Heads Up: Scary Changes Could Be in Store for Your Student Loans
Collectively, Americans currently owe over $1.4 trillion in student loan debt. That record-breaking amount of money isn’t serviced directly by the Federal Student Aid Office. Instead, it’s managed by third-party companies (like your nemesis Sallie Mae), which are contracted by the government. But here’s the thing: As loan totals become more threatening, so does the collection approach of those third-party companies. So last year President Obama put his presidential foot down by issuing a memorandum to help collectors work with the students to efficiently pay back what they owe rather than intimidate and bury them with their debt. But those regulations have now become yet another relic of the past administration.
Yesterday, Trump’s new Education Secretary Betsy DeVos effectively rolled back Obama’s regulations, leaving the future uncertain and potentially scary for the 44 million young people with student loan debt.
LET’S TALK ABOUT THOSE OBAMA REGULATIONS
Student loans are complicated and loan companies have a reputation for being sneaky. That combination is problematic for obvious reasons. Just before his final term came to an end, Obama established five key guidelines which aimed to streamline the loan process and finally put the student’s needs first. The memos laid out plans to create a single website for borrowers to use for paying their loans and gathering any information they might need. Additionally, Obama’s guidelines held the loan companies to a higher level of customer service and even imposed penalties on companies who don’t aptly provide students the service and tools they need to pay back loans efficiently and affordably.

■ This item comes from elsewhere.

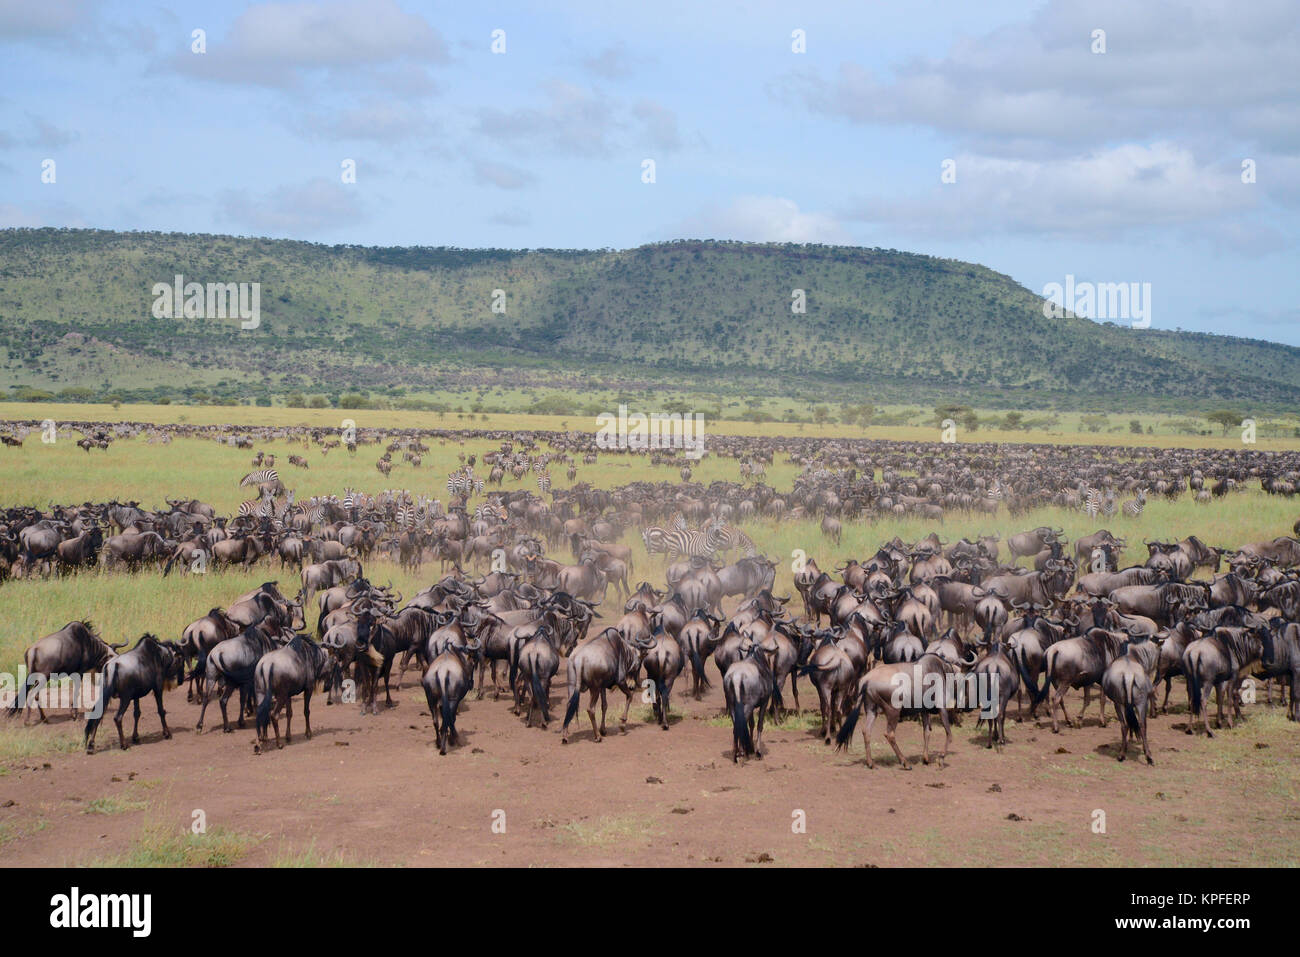 Wildlife sightseeing in one of the prime wildlife destinations on earht -- Serengeti, Tanzania. Migrating wildebeest. - Stock Image

WHY WERE THE REGULATIONS NECESSARY?
In response to this question, let’s talk about the lawsuit against Navient (formerly Sallie Mae). Shortly after the Obama memos were sent, the Consumer Financial Protection Bureau along with two state attorney generals sued Navient for an extensive list of violations conducted with what the CFPB alleges is an intent to cheat borrowers.
In a New York Times piece that details some of the specific allegations, the actions of the company are disquieting, to say the least. Navient allegedly steered borrowers away from income-based repayment plans (the most affordable way pay down loans when you’re not making much) by making the option difficult to find. Instead, it pushed borrowers to file for forbearance, which allows borrowers to pause payments until they start making more. This might seem like a rational option, but when you go into forbearance you’re still racking up interest. By using this process, Navient collected more than $4 billion in interest.
Additionally, the NYT reports multiple incidents in which Navient mishandled lump-sum payments sent in by borrowers. Borrowers who instructed Navient to use the money to pay off a specific loan were surprised to find that the payment had instead been divided among multiple loans they had with the company, which would still allow Navient to collect interest.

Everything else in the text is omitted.